Framing Your Weeks
There are maybe four writers who give me conflicting feelings. I read their stuff and simultaneously think “I love this so much” and “I’m so jealous I didn’t write this.”
Tim Urban’s the OG of the list.
He wrote a post a few years ago visualizing a life in weeks, and the framing + visual has stuck with me. We’ll use a similar framing below.
Our founders struggle with time. It’s hard to find time to work on your startup, and, once you do, it’s hard to figure out what to use that precious time for.
Last week during 1x1s I heard, four times, “I just don’t know where my time went.” So, with a little help from Tim’s visual framing, let’s look at your weeks.
Here’s a week. Each circle represents an hour. You’ve got 168 of them.
We’ll start by assuming 8 hours of sleep a night. So, you’re down 56 (great) hours. Sleeping circles are probably the highest value circles you can have (although remember that’s coming from a guy with a toddler).
Next, we’ve got your day job. Let’s call that 40 hours, although your mileage may vary. These are useful circles — they pay the bills.
Next, we’ve got dedicated family and friends circles. Let’s say you get two of these a day, on average. That’s a great number.
Next, exercise. One hour a day would be great.
Finally, another 11 hours for meals outside of working hours.
OK! That was a lot of Canva circle filling — so, what’s the point?
The framing.
Every circle is an investment.
Because it helps me, I also think about every circle as a version of Brian and the impact that particular Brian makes on the overall version.
So, “Workout Brian” is great. He only needs one circle a day (out of 24). And with that circle, he creates enormous impact. Workout Brian makes me eat better, sleep better, feel better, look better, think clearer, live longer. Workout Brian is as additive as you can possibly get. Investing a circle a day in him is a no brainer. It’s criminal not to. If I spend 0.4% of my week working out (one circle a day), I’m helping myself dramatically.
Conversely, there’s Phone Brian. I didn’t fill in the circles, but pop open your phone, scroll to Screen Time, and look at your 7 day average. If it’s 4 hours a day, like most people, then you just invested 28 circles in Phone You.
Is Phone Brian a good investment?
Oh good heavens, no. Phone Brian is horrible to all the other Brian’s. Phone Brian makes overall Brian feel worse, disconnects me from reality, kills sleep, kills creativity. Phone Brian is a disaster. He steals and takes but gives nothing. When you see the circles he takes up, you realize he must be stopped.

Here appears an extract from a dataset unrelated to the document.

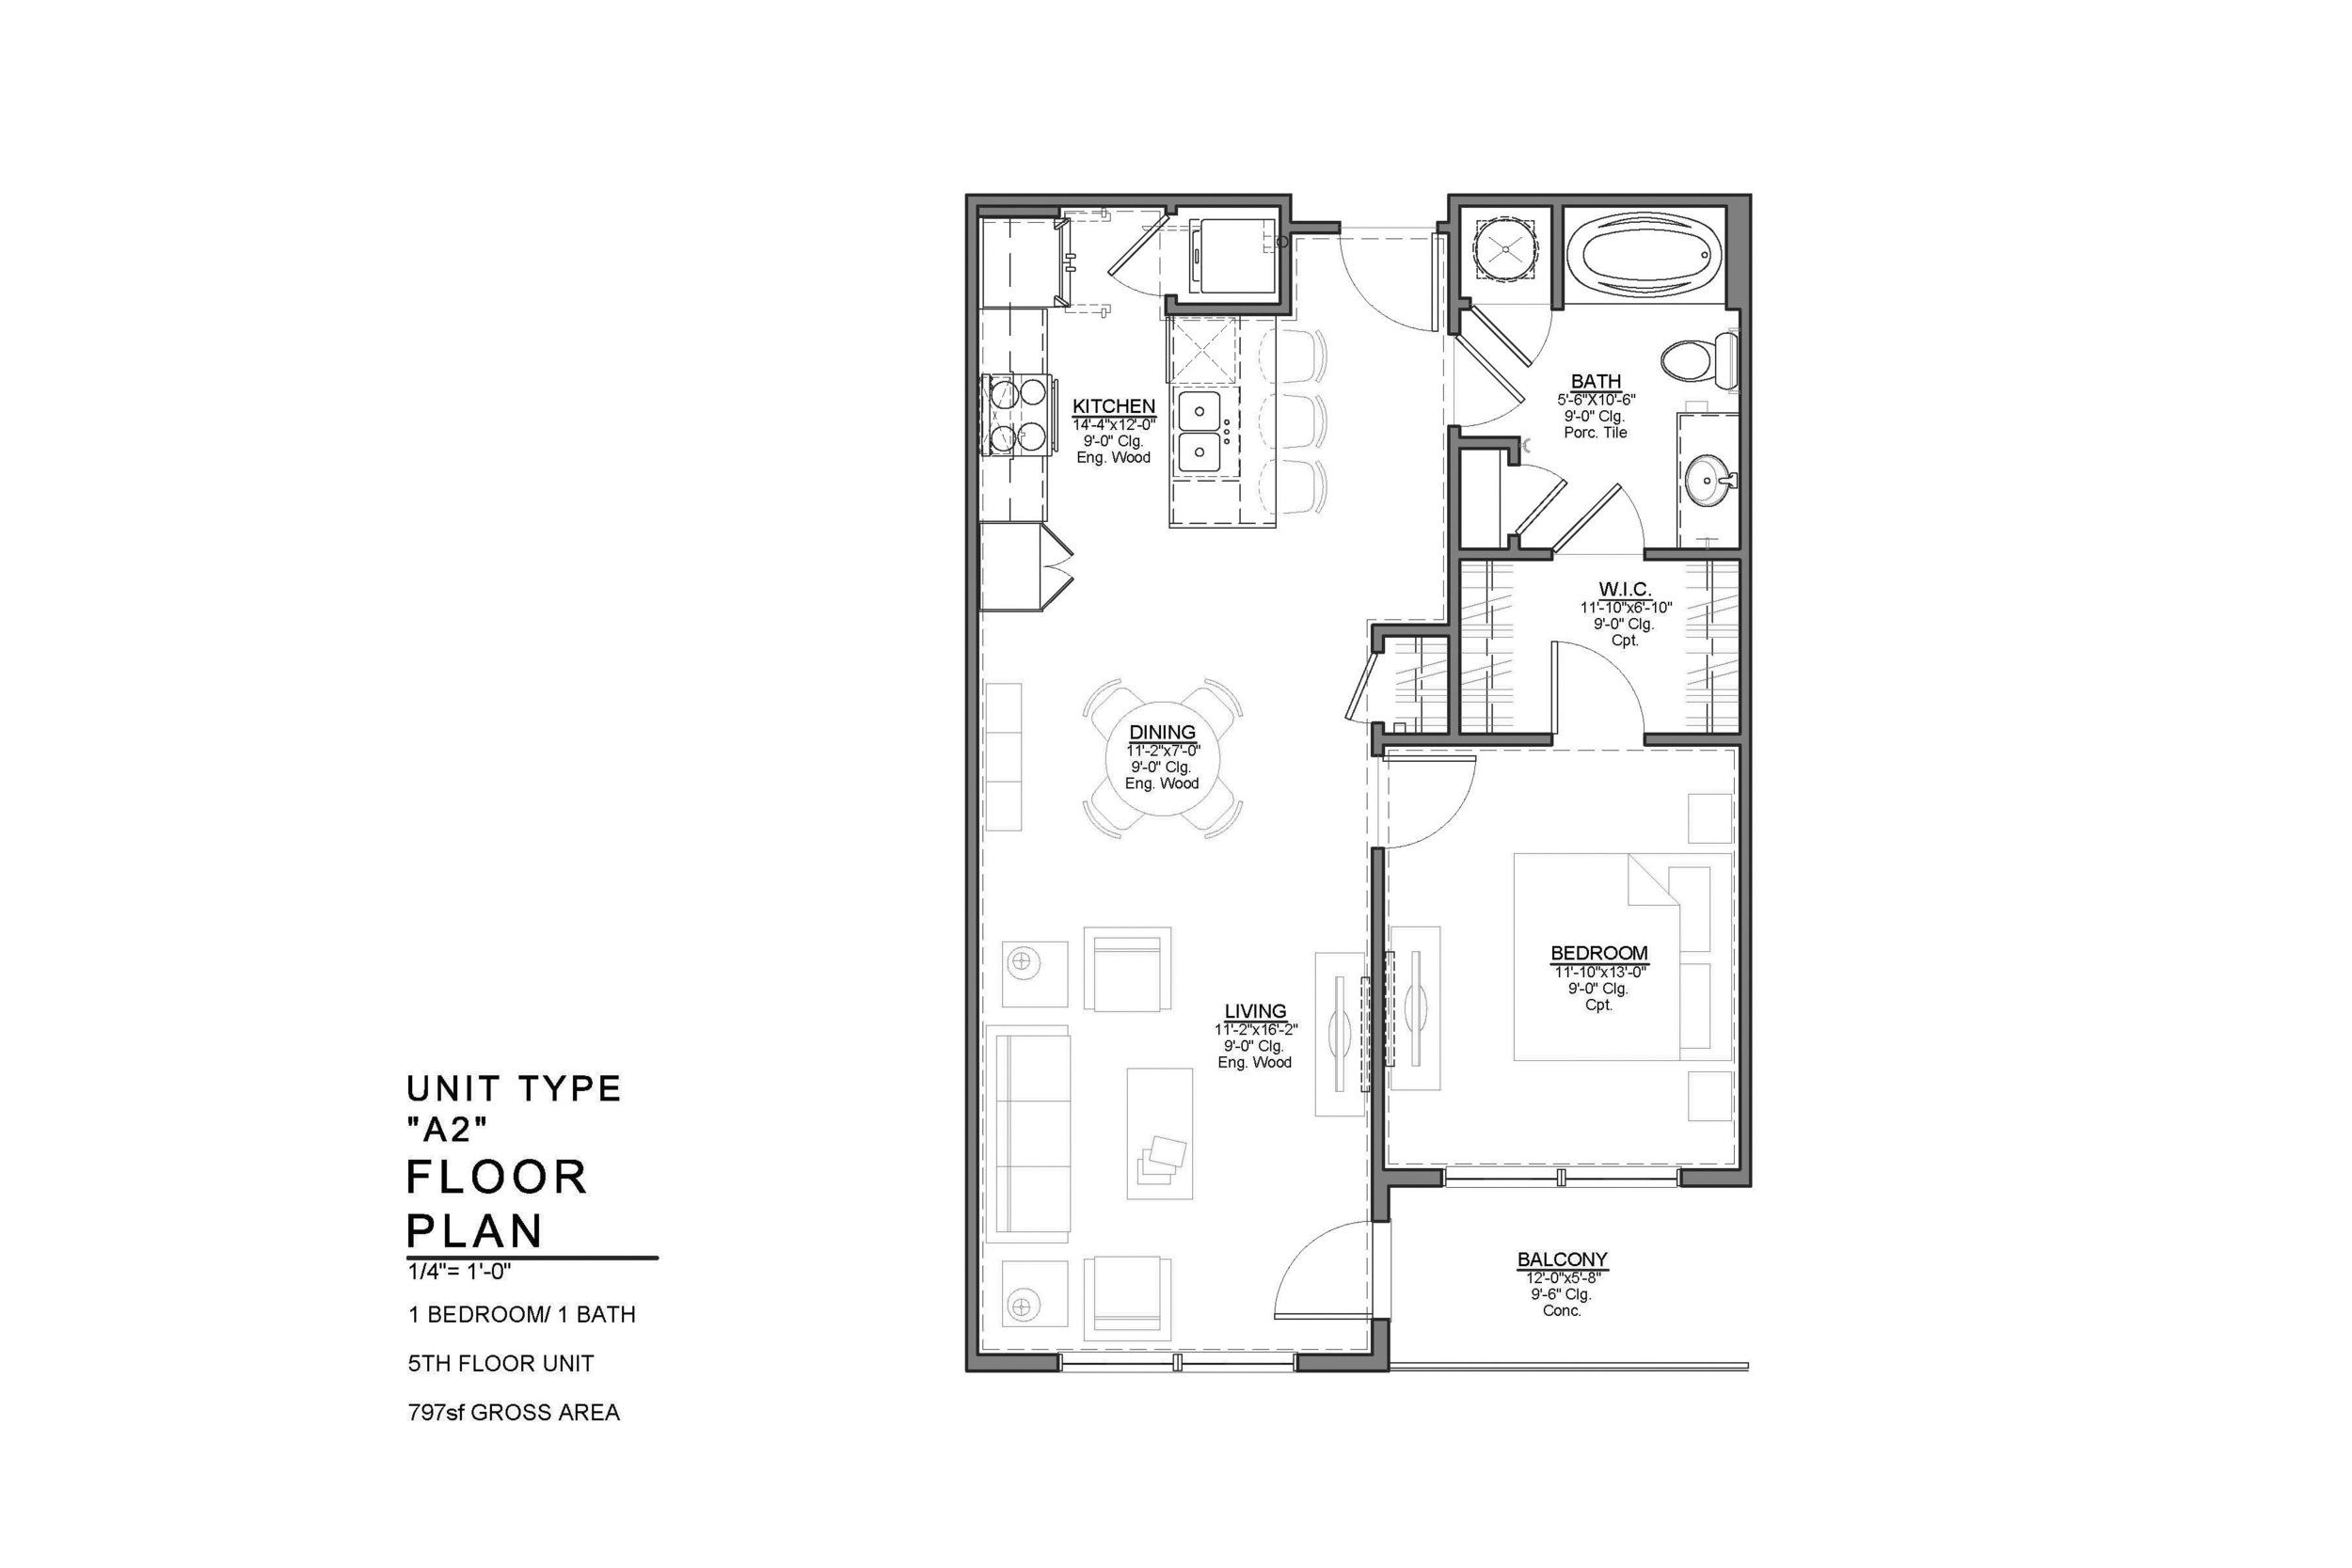 A2 FLOOR PLAN: 1 BEDROOM / 1 BATH

You probably noticed something else from the circle visualization.
After all the essentials, there are still 40 circles left (not counting Phone time). 40 hours. That’s probably way more than you expected.
And, maybe your work’s a bit more demanding and you only have 30 circles leftover. Still! You’ve got plenty of circles to invest.
The “investment” framing should help you decide how to use them.
Let’s say you decide to spend 8 circles a week on your startup. The goal is to invest in circles that’ll compound - that’ll make the biggest impact for the time spent.
For early stage folks, I think of circles in two ways - proactive and reactive. You’re either out finding new dots, or you’re spending time connecting them. Your differentiator, especially early, will be having different dots than everyone else. If you know stuff about customers no one else does, it’s simple to build something better than anyone else can.
So, invest your eight circles accordingly. Maybe five circles speaking with customers or building systems to get new dots, two circles on connecting those dots and one circle, one hour a week, just sitting at your desk with a blank piece of paper and no distractions putting it all together. You can hold one of your 168 for something that important.
You want your startup circles to be unique - to be spent on things other startups ignore. The hard stuff. Early on, that’s always the proactive stuff.
I always call the customer interview circles “Sherlock Brian,” because I’m a nerd. But it makes it fun. Investing eight hours a week in Sherlock Brian leads to enormous benefits with any business I ever work on. No one else spends that much time with customers. Sherlock Brian rivals Workout Brian for overall impact.
The other big impact for circle visualization for me is the “relax” circles - the time for doing things I truly enjoy. If I leave 10 hours for that, I should have plenty of time to watch shows I genuinely love like The Bear, or time to walk Rubes or read or extra time to read books to my son. That’s all great stuff.
If it feels like I don’t have time for that, I do an audit and see what’s stealing my quality off-time. Spoiler, it’s the phone.
You’ve got 168 circles a week. Invest them wisely.